Deep Research workflow scans 50+ papers via searchPapers on 'MEMS calibration', producing structured report with citationGraph-clustered methods from Shin (2005) to El-Sheimy (2020). DeepScan applies 7-step CoVe verification to LSTM claims in Jiang et al. (2018), checkpointing Python-simulated error reduction. Theorizer generates novel bias models by fusing Wahba (1965) least-squares with Yoo et al. (2011) filters.

Try Doxa for MEMS Inertial Sensor Calibration Research

Frequently Asked Questions

What defines MEMS Inertial Sensor Calibration?

It involves estimating biases, scale factors, and misalignments in MEMS accelerometers/gyros using least-squares (Wahba, 1965), filters (Yoo et al., 2011), and neural networks (Jiang et al., 2018).

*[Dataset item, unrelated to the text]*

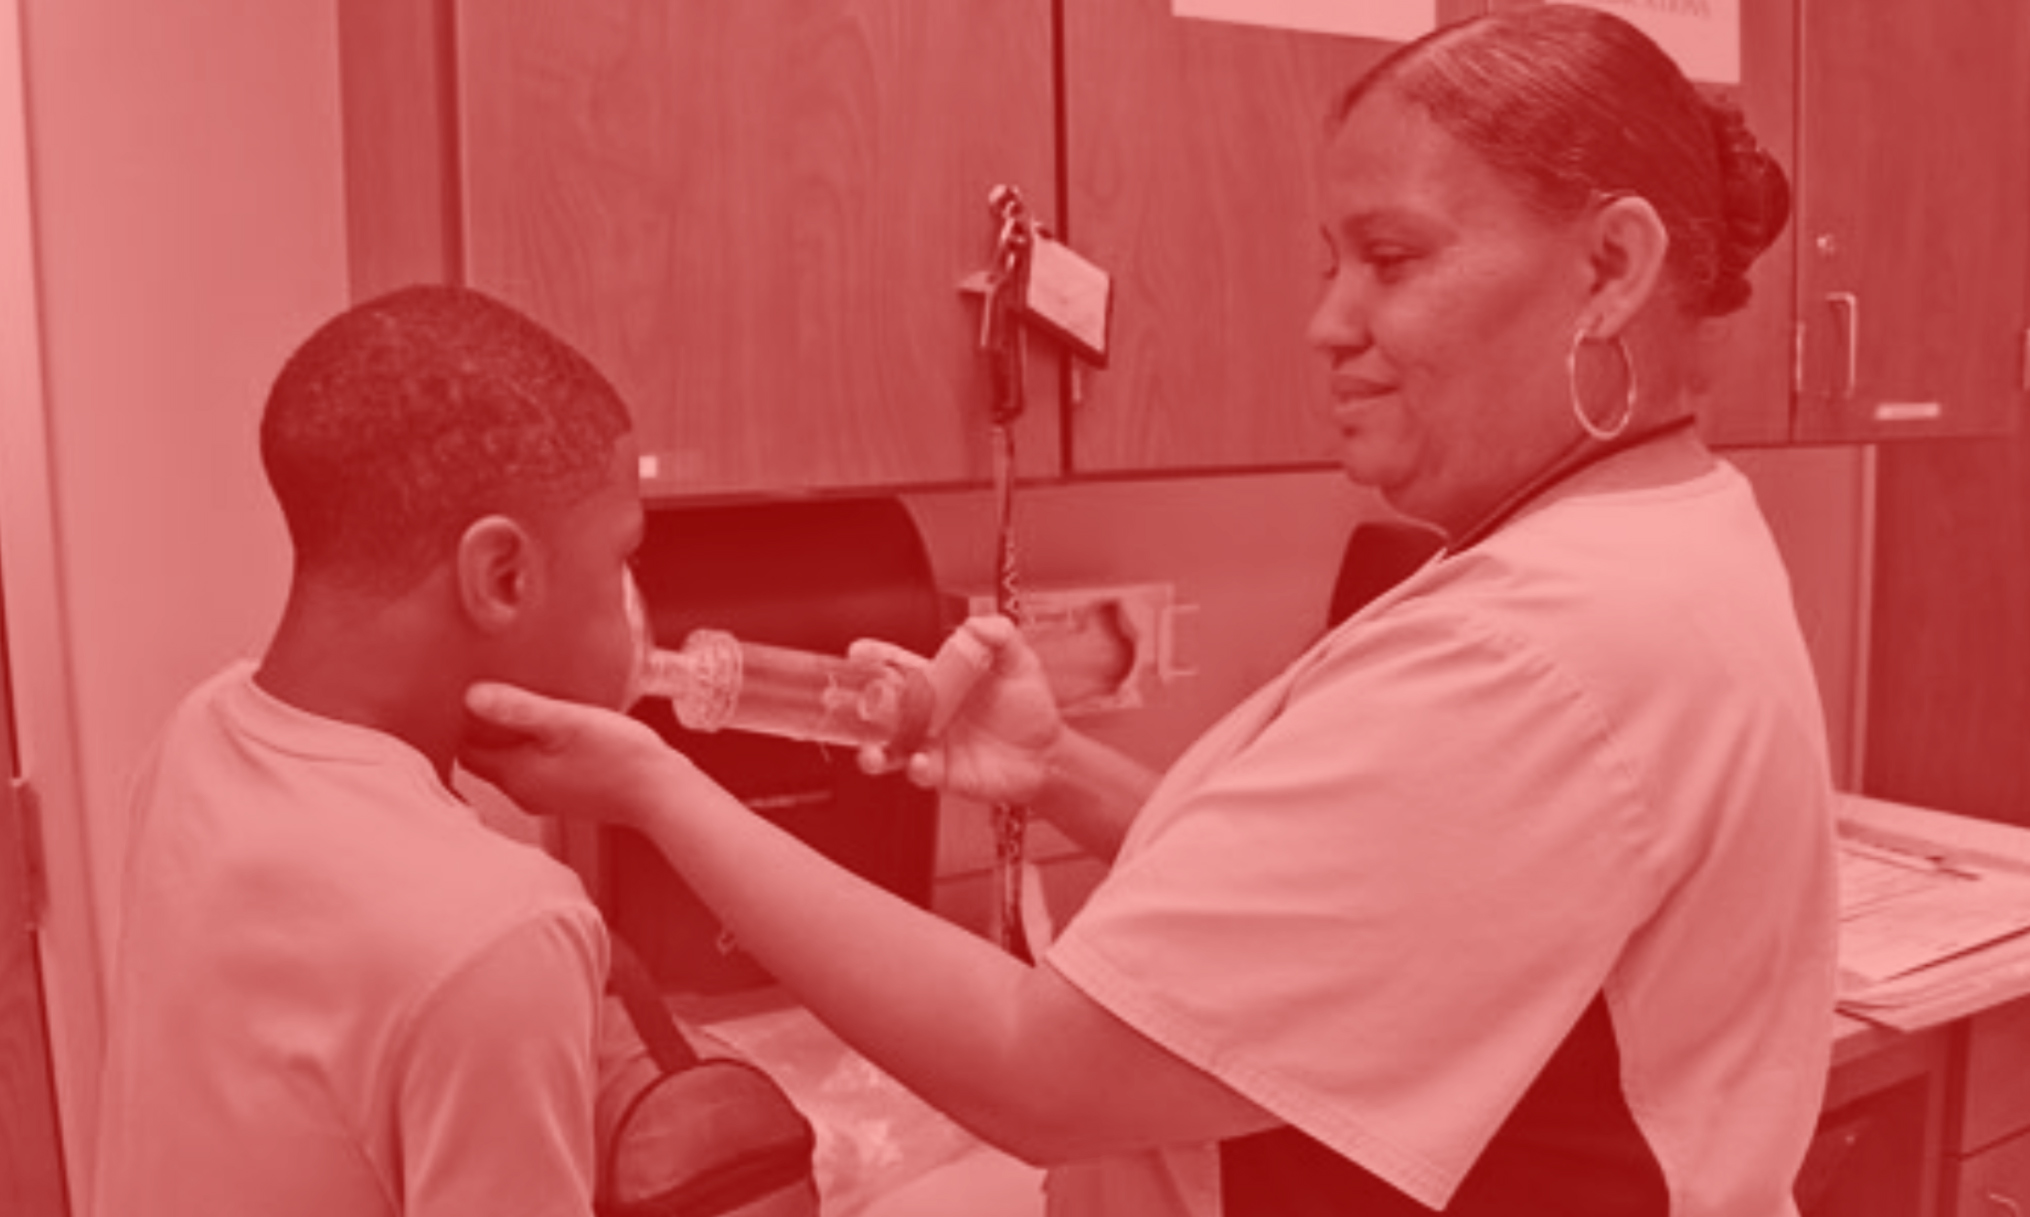 School-based asthma care with the Univerity of Rochester Medical Center

What are core calibration methods?

Methods include gain-scheduled complementary filters (Yoo et al., 2011), LSTM de-noising (Jiang et al., 2018), and multi-IMU fusion (Bancroft and Lachapelle, 2011).

What are key papers?

Foundational: Wahba (1965; 1099 citations), Shin (2005; 382 citations). Recent: El-Sheimy and Youssef (2020; 297 citations), Jiang et al. (2018; 113 citations).

What open problems exist?

Real-time nonlinearity compensation under dynamics (Filippeschi et al., 2017) and computational efficiency for wearables (Valenti et al., 2015) remain unsolved.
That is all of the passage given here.